Factors that might impact stability of classroom quality

In the absence of published literature on the stability of quality ratings, and because the assumption of the tiered licensing and quality assessments links quality to stability, we selected a number of age group and centre characteristics for inclusion in the analysis because we hypothesize that they may mediate quality, as well as the stability of quality rating. These include centre type (auspice and organizational status), neighbourhood status, percentage of service delivered by educators with a qualification in Early Childhood Education, hourly wages for early childhood educators and centre supervisors, program size, presence of other age groups, proportion of subsidized children and proportion of subsidized children who come from single-parent families. These variables have been examined in the context of studies on quality; here we focusing on their implications for the stability of quality over time. The rationale for inclusion of each of the covariates is discussed in more detail below.

In Canada, as in many other countries, there is an ongoing debate about the differences in program quality related to program auspiceFootnote 1 (Brennan et al., 2012; Cleveland, 2008; Cleveland & Krashinsky, 2009; Penn, 2011; LLoyd & Penn, 2012; Mitchell, 2012; Morris & Helburn, 2000; Moss, 2012; Paull, 2012; Sosinsky & Kim, 2013; Sosinsky et al., 2007). Although the majority of researchers find that there are some differences in quality, often they are confounded by the market conditions (Bassok et al., 2016; Cleveland & Krashinsky, 2009) or neighbourhood conditions (Small et al., 2008; Sosinsky et al., 2007). Based on previously published research in Canada (Cleveland, 2008, Cleveland et al., 2008) we expect non-profit centres to show greater stability in terms of quality over time. Furthermore, provincial and municipal funding and system management policies in Toronto are applied differentially to commercial, non-profit and public programs. As a result, we used the type of centre is used as a control (stratifying) variable. We also distinguish between single centre and multiple centre organizations, expecting that multi-site organizations may be more stable over time since they may have better policies and procedures in place to streamline their operations and service delivery. We hypothesize that larger, multi-site operations would exhibit smaller standard deviations in AQI scores across time and, presumably, higher AQI scores.

Neighbourhood status has been found to relate to the type and quality of available child care (Bassok & Galdo, 2016; Burchinal et al., 2008; Hatfield et al., 2015; Vandenbroeck & Lazzari, 2014). The actual mechanisms of neighbourhood effects are not clear and are empirically difficult to prove (Galster, 2012; Galster et al., 2011; Ham et al., 2012; Manley et al., 2013). Some have even questioned whether they exist within the Canadian context at all (Oreopoulos, 2008). Nonetheless, given past findings, we control for neighbourhood effects by deploying the Child and Family Inequity Score (CFIS), described in detail below.
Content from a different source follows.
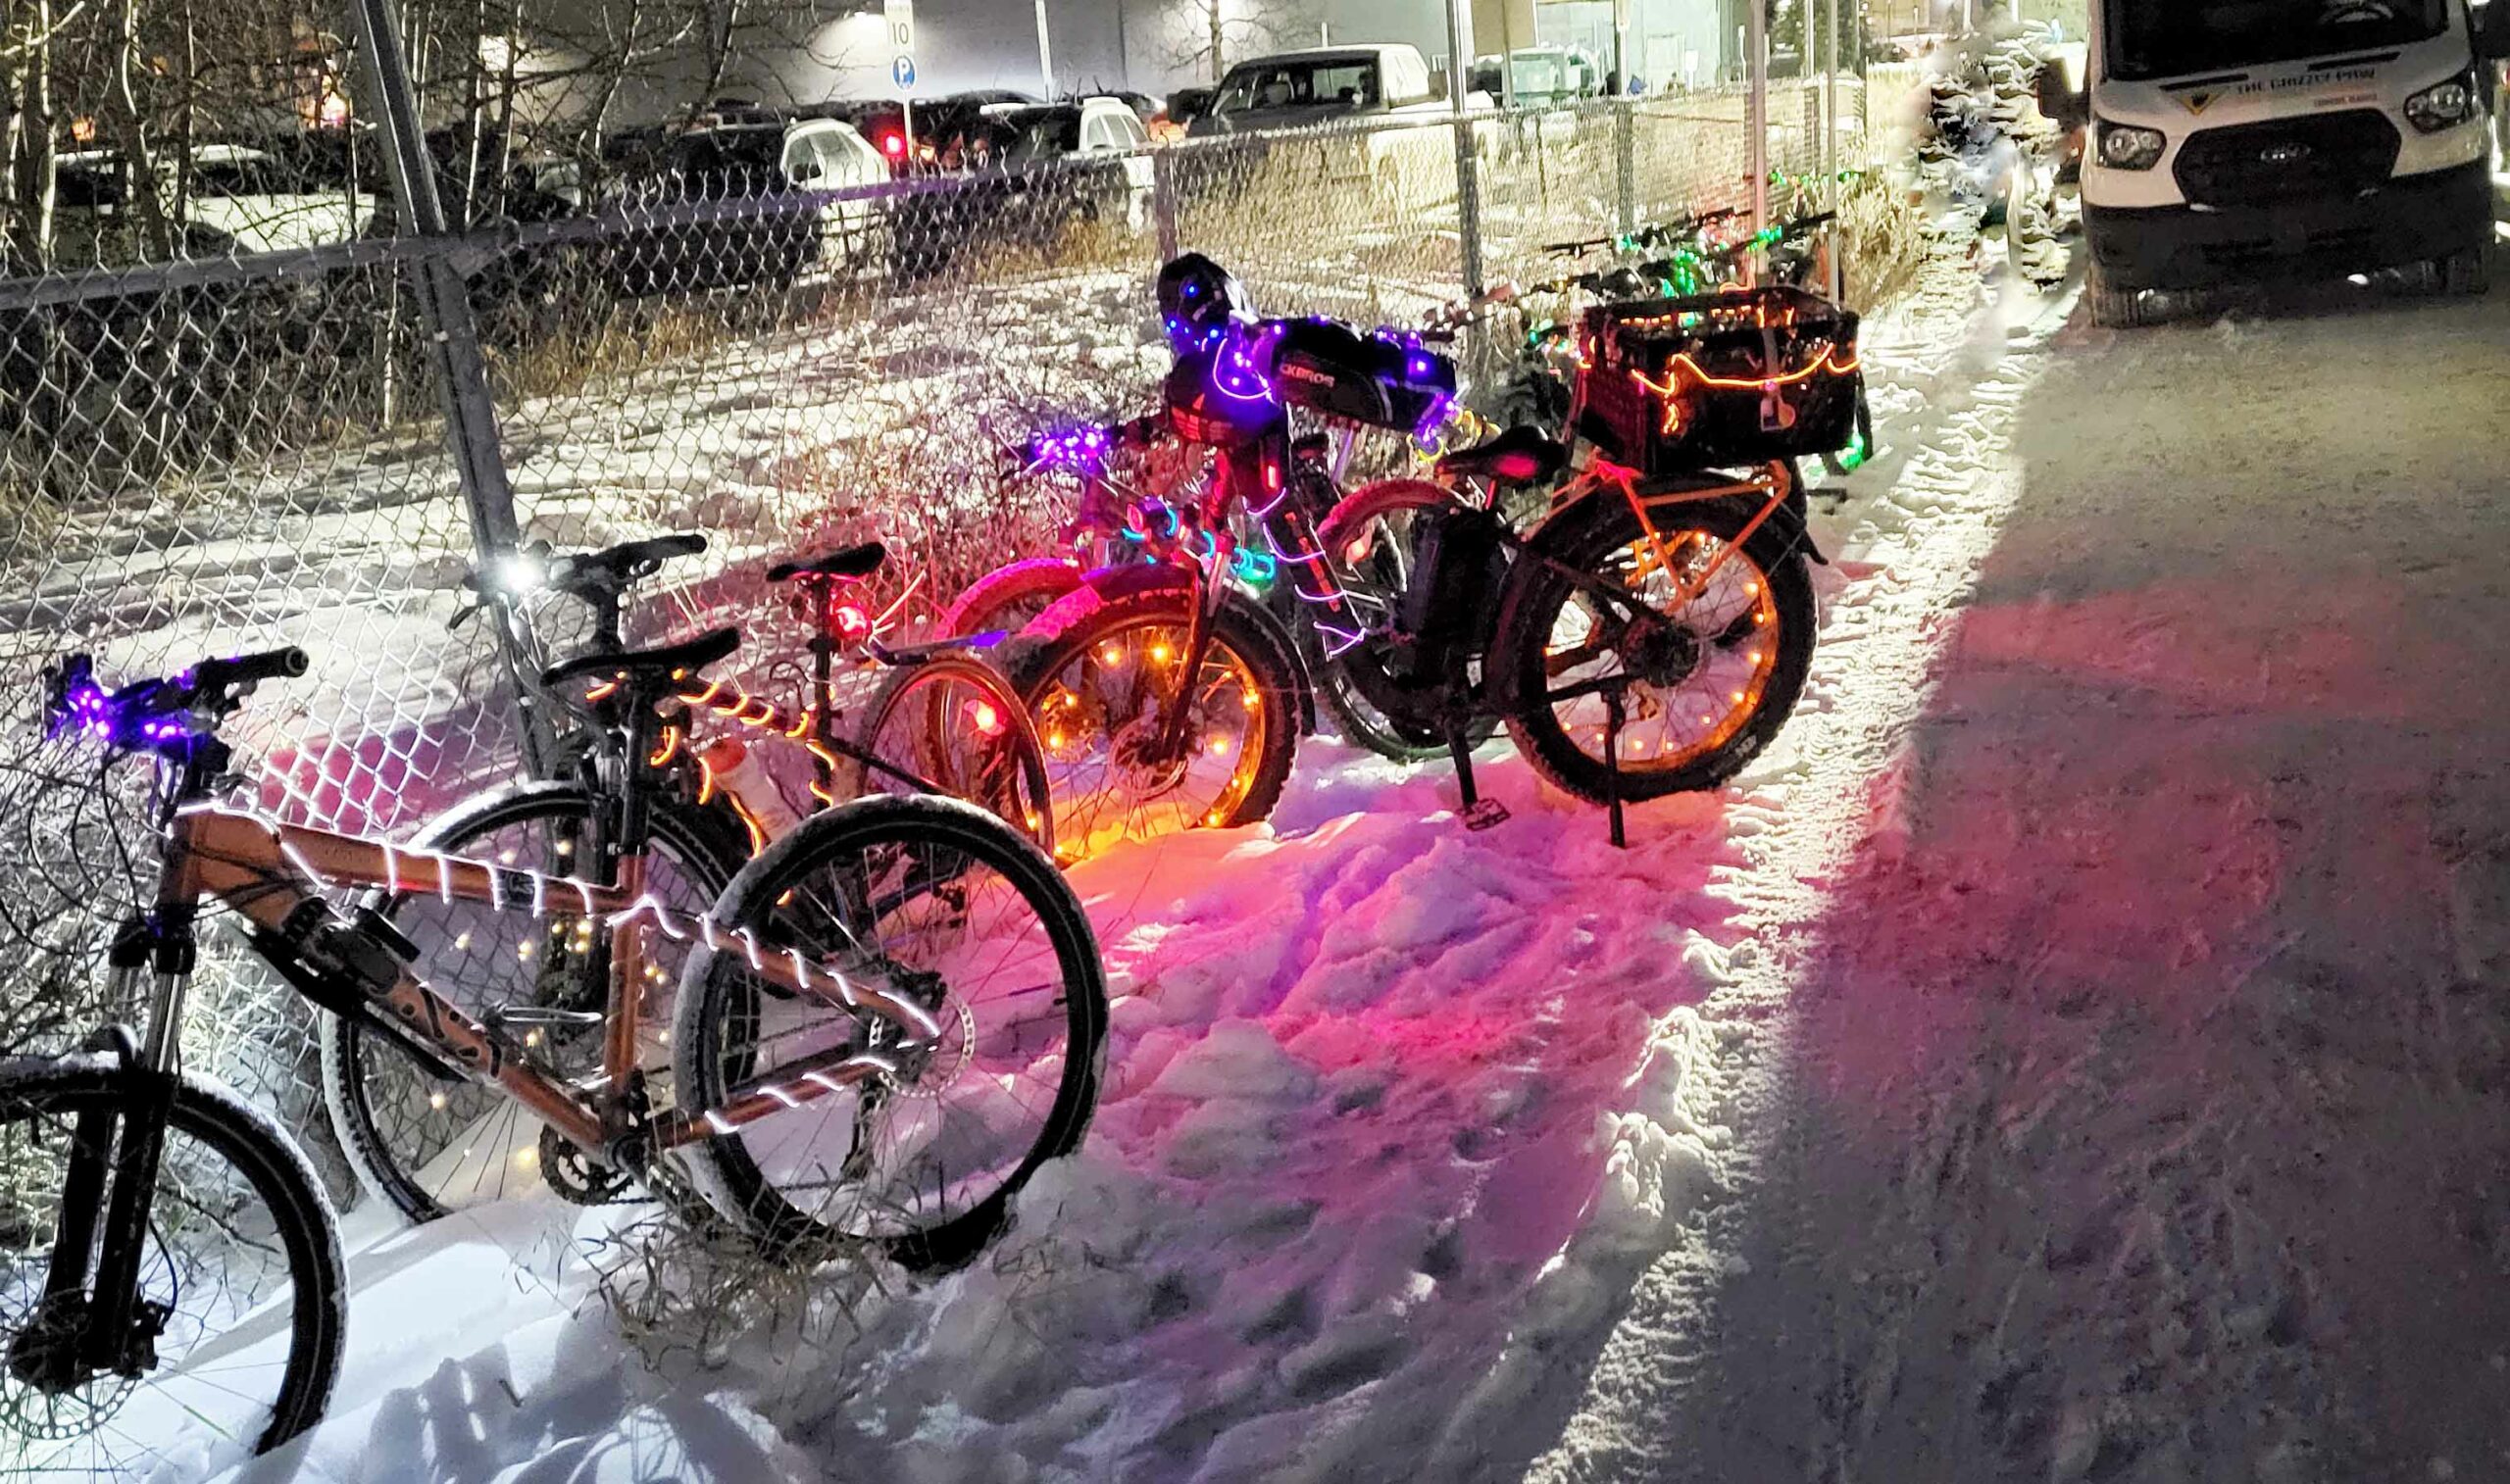 The decorated bikes lined up at the Holiday Train were a hit with people waiting for the show

Educator qualification is an important contributor to the quality of care (Arnett, 1989; Manning et al., 2019; Whitebook et al., 2001). Ontario’s child care regulations require at least one staff with a minimum 2-year degree or diploma in early childhood education (ECE) in every preschool classroom. However, many ECEC programs operate with a higher number of ECEs in all classrooms. We expect that the higher levels of training will be associated with greater stability. Similarly, better remunerated staff provide higher levels of care (Schleicher, 2019). We expect that higher rates of pay would be associated with higher rates of stability in quality across time.

From the authors’ ongoing work with City of Toronto administrative data on an unrelated study, we learned that majority of subsidized children who start care as infants remain enrolled at least until they reach the kindergarten age. Child care centre programs that serve infants in effect generate their toddler and preschooler enrollment from the children who started in the centre as infants. Given what the literature suggests about the positive effects of early child care enrolment (Sylva et al., 2011), we hypothesize that, besides the individual child effects, the preschool programs potentially composed of children who were enrolled as infants should exhibit higher and more stable quality scores.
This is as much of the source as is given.